Van Lear’s time in office provides a cautionary tale for Fateh. Then and now, the two men’s political affiliations opened them to charges that their socialist label put them outside the American political mainstream. Van Lear’s election in 1916 represented a sharp break from the series of mainly wealthy businessmen who had served as the city’s chief executive up until then.
Van Lear was not wealthy and he was not a businessman. He had been a skilled factory worker and union organizer before his election. But it was his membership in the Socialist Party of America that outraged the city’s conservative business establishment.
In 1916, Minneapolis had been the scene of a bitter strike by Van Lear’s union, the International Association of Machinists. As the election campaign got underway, the strike galvanized labor support for Van Lear and his pledge to refrain from using the city’s police officers as strikebreakers. Van Lear was able to broaden his appeal to local voters by vowing to rein in the city’s two key public utilities, the street railway and gas company, both of which had a major impact on daily life in Minneapolis.
Mobilizing the labor movement as his base of support, Van Lear was elected mayor with 54% of the vote. As his two-year term began in January 1917, the city’s new chief executive expected to focus on local issues, but international events soon cast a shadow over Van Lear’s mayoral administration.

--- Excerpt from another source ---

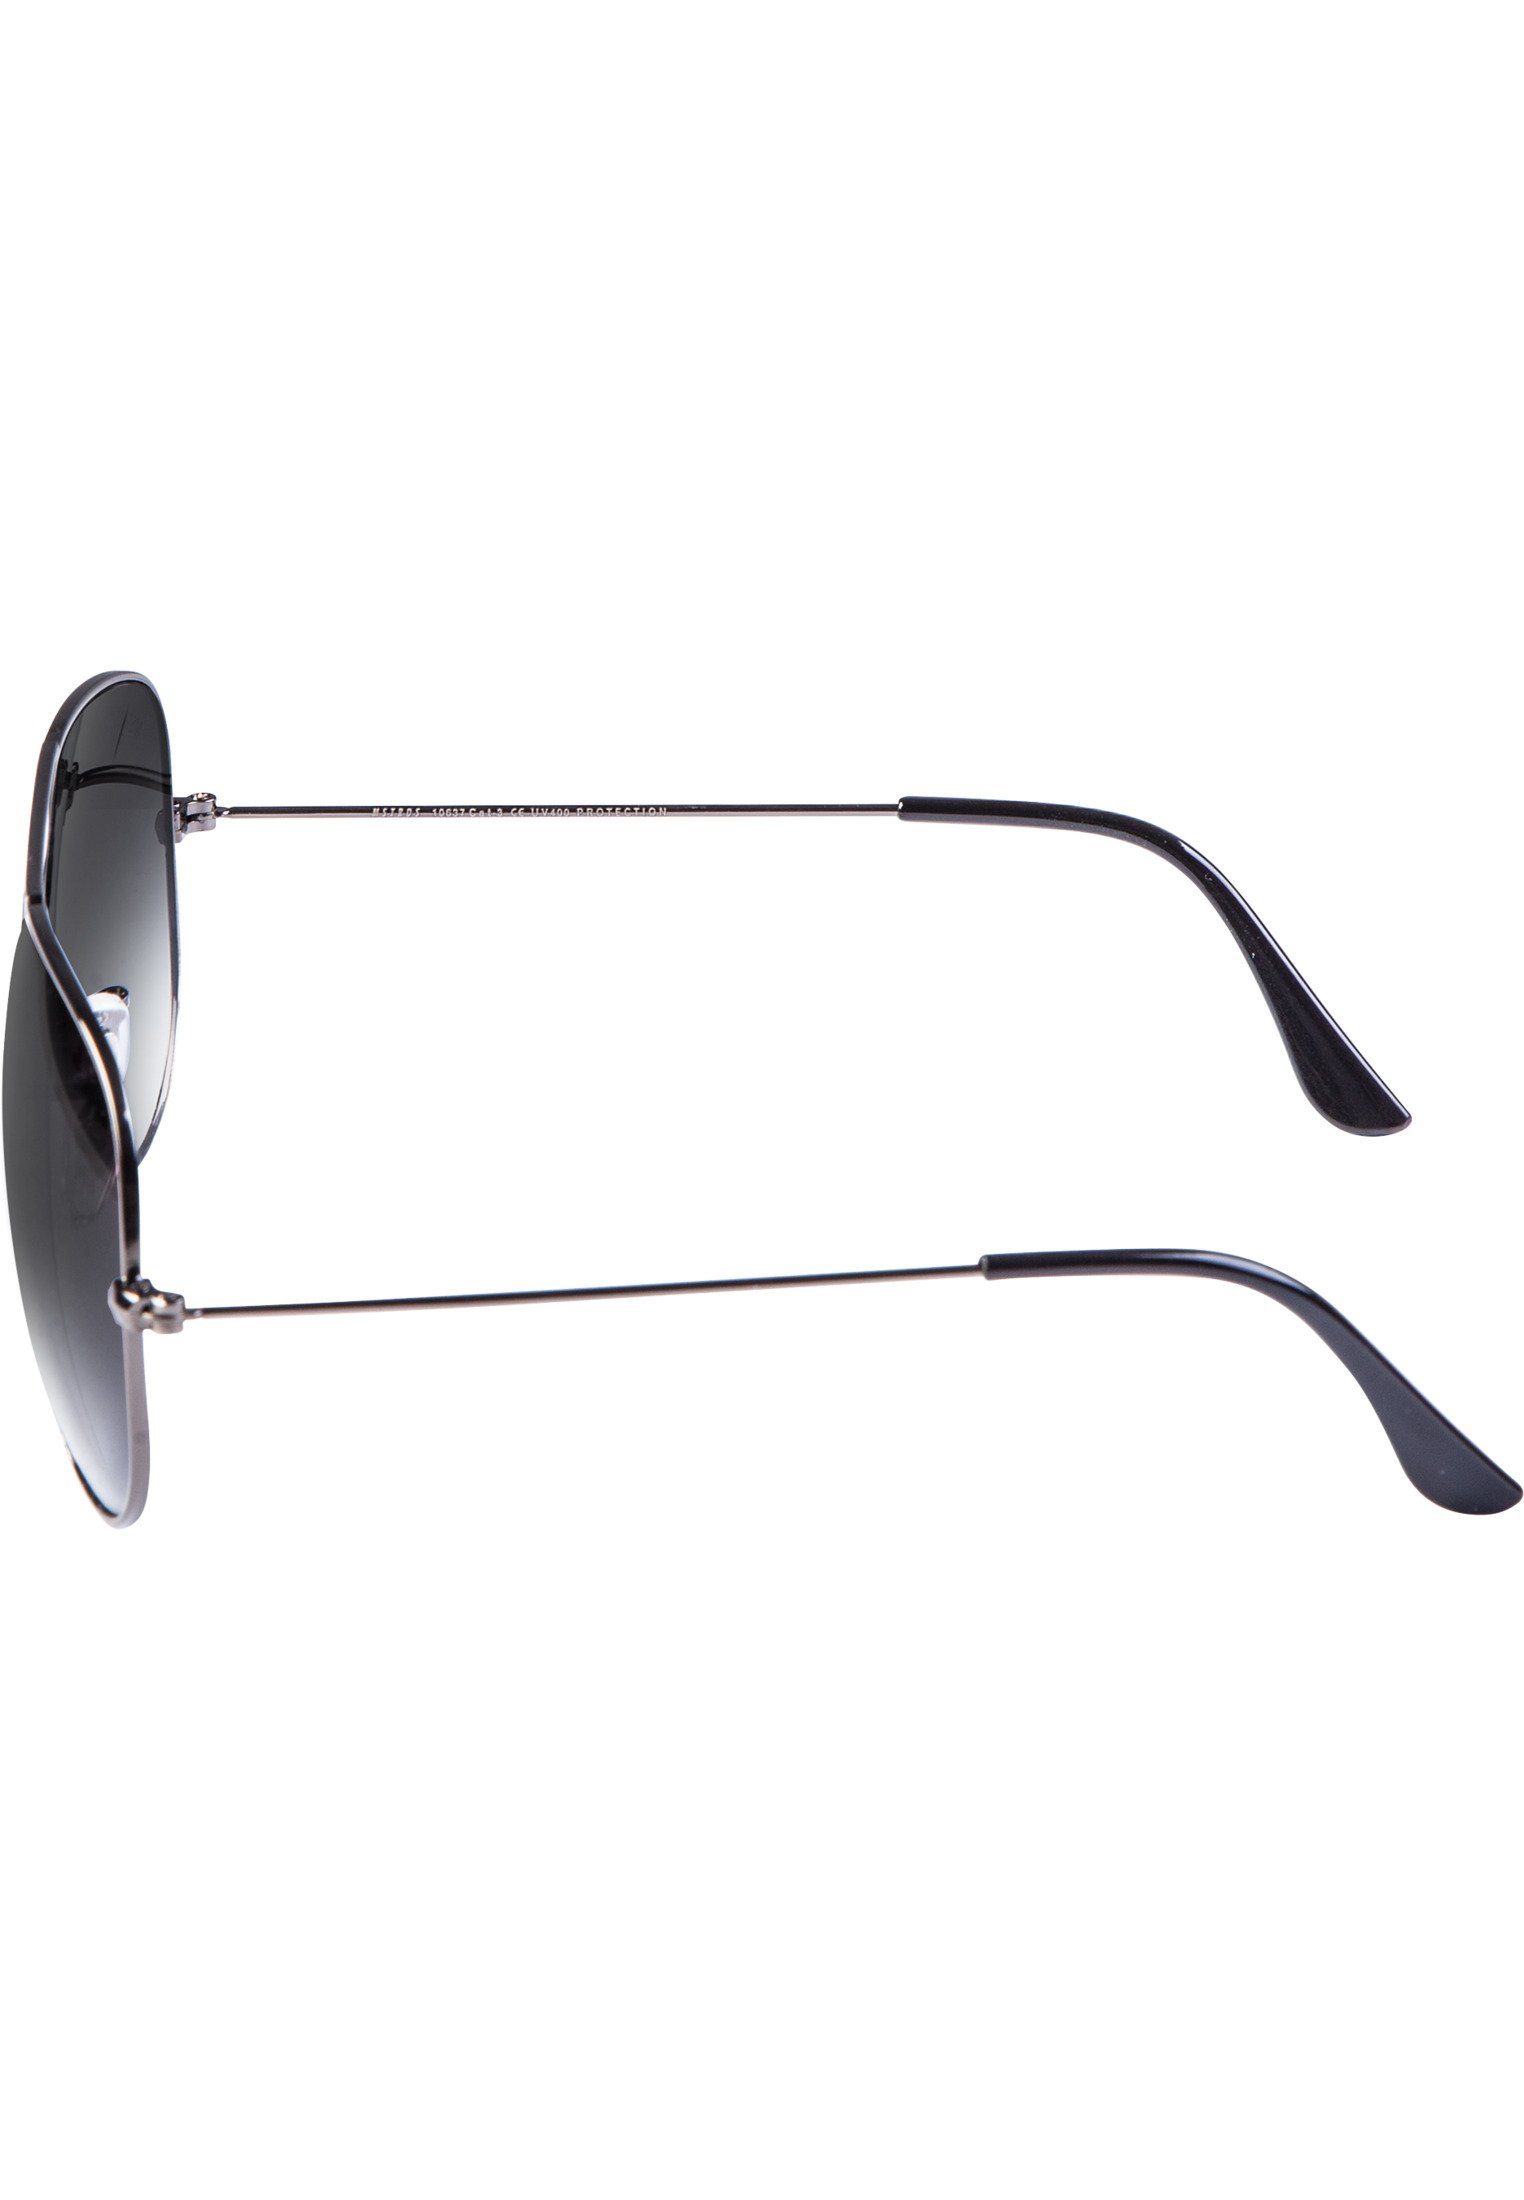 gun/grey MSTRDS Youth PureAv Accessoires Sunglasses Sonnenbrille

Minneapolis’ Socialist mayor took office only months before the U.S. declared war on Germany. As war fever swept the country in 1917, Van Lear found himself under attack by his political opponents, who equated his ties to the antiwar Socialists with disloyalty that bordered on treason. Despite his efforts keep the focus on his battle with the utilities, the loyalty issue would continue to trail him as he campaigned for re-election in 1918.